High-load systems demand custom solutions when traditional methods can't handle massive data and user volumes.
I am Alexander Kov, and today I'm going to talk about high-load systems and the challenges they bring. My presentation will be based on my extensive experience in social network development and product management. If you're interested, fasten your seat belt and join the ride.
First, let me introduce myself and share some light on my experience. I worked as a team lead at one of the biggest social networks, where I led teams of up to 10 members, including specialists, analysts, and project managers. As a developer, I designed, developed, and maintained various features for the desktop and mobile web versions of a social network across backend, frontend, and mobile application APIs. I have redesigned the social network interface for multiple user sections, completely reworked network widgets for external sites, maintained privacy settings for closed profiles and content, overhauled the backend and frontend for the mail notification system handling millions of emails daily, and created a system for conducting NPS and CSI surveys that covered the two largest Russian social networks.
Today, I want to touch upon the following aspects of the topic. We'll briefly discuss how to define if the system is high-load or not. Then, we'll talk about the way high loads change the system requirements, and based on my expertise, I'll highlight what approaches and technologies can help overcome high-load challenges.
Let's begin with the definition. What system can we call high-load? A system is considered high-load if it meets several criteria. First of all, high request volume: the system must handle millions of requests daily. Second is a large user base: support millions of concurrent users. Next is extensive data management: manage terabytes or even petabytes of data. Performance and scalability: maintain responsiveness under increasing loads. Complex operations: perform resource-intensive calculations or data processing. High reliability: requires 99.9% or higher uptime. Geographical distribution: serve users across multiple locations with low latency. Concurrent processing: handle numerous concurrent operations. And finally, load balancing: distribute traffic effectively to avoid bottlenecks.
If I were to give a one-sentence definition of what a high-load system is, I would say that high-load is when usual methods for processing requests, storing data, and managing infrastructure are no longer enough, and there is a need to create custom solutions.

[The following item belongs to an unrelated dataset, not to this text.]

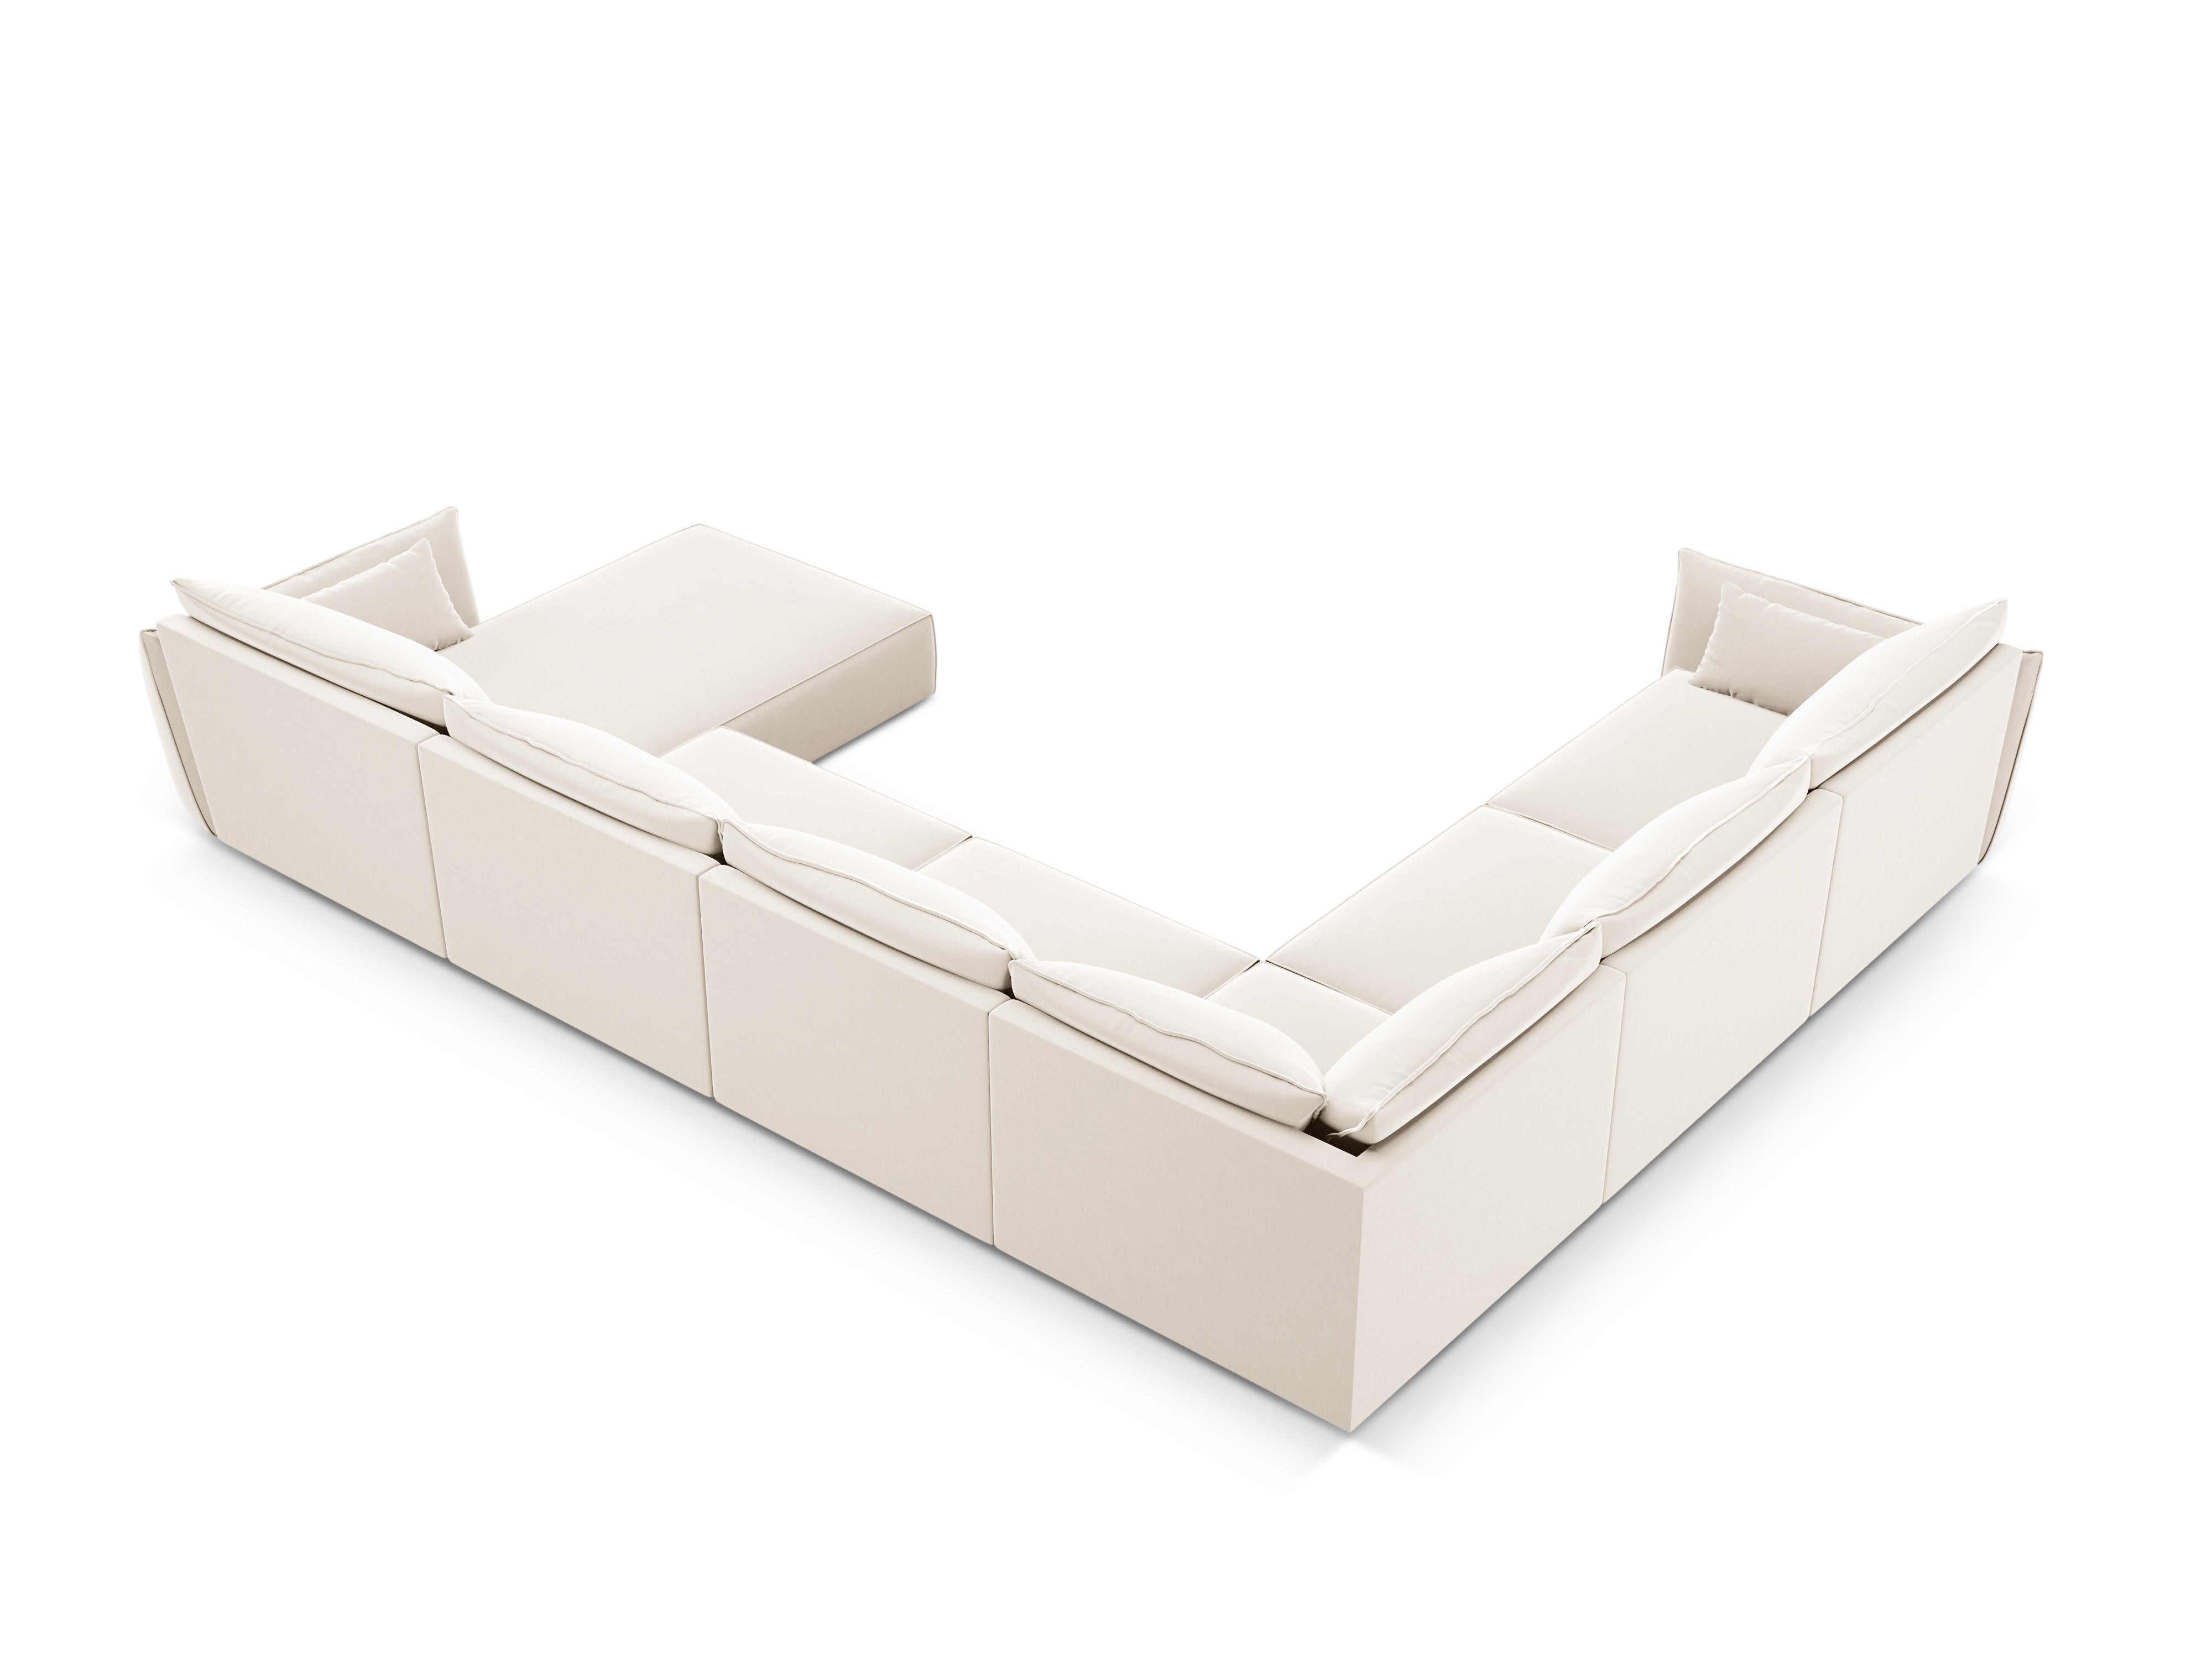 Velvet Panoramic Left Corner Sofa, "Vanda", 8 Seats, 384x284x85
Made in Europe, Mazzini Sofas, Eye on Design

Let's take a look at VK social network loads. Here is what the system had to process a couple of years ago: 100 million users per month, 100 million posts and content creations per day, and 9 billion post views per day. The numbers you've seen on the previous slide result in this performance metric, so we can definitely call VK loads high.
Now that we have defined that our system is high-load, we can take a step further and look at the difficulties the management of such systems entails. First of all, it's performance or maintaining fast response times and processing under high-load conditions. Besides, we need to store, retrieve, and process large volumes of data effectively. Then, we'll have to ensure that scalability is possible at any stage, ensuring the system remains operational and available despite high traffic and potential failures. And definitely, we need to build systems that can recover from failures and continue to operate smoothly.
Apart from challenges, high-load systems bring certain risks, and that is why we have to question some of the traditional tools. The main issue with external solutions is that they are not highly optimized; instead, they are designed for broad market applicability, which often comes at the expense of performance. There is also an issue with security. On one hand, external solutions are usually well-tested due to their vast user base, but on the other hand, fixing identified issues quickly and precisely is challenging. Moreover, updating to a fixed version might lead to compatibility problems. External solutions also require ongoing tweaking and fixing, which is very difficult unless you're a committer of that solution. Finally, they may not scale effectively. Naturally, with the growing loads, reliability, data management, and scaling requirements are increasing. For example, in the past, downtime for maintenance was acceptable; users had lower expectations and fewer alternatives. Today, with the vast availability of online services and high competition, the expectations are much higher.
Scaling your platform means constant tweaking, custom solutions, and zero downtime tolerance—it's a high-stakes game!
The use of external solutions often comes at the expense of performance. There is also an issue with security. On one hand, external solutions are usually well-tested due to their wide user base, but on the other hand, fixing identified issues quickly and precisely is challenging. Moreover, updating to a fixed version might lead to compatibility problems. External solutions also require ongoing tweaking and fixing, which is very difficult unless you're a committer of that solution. Finally, they may not scale effectively with growing loads.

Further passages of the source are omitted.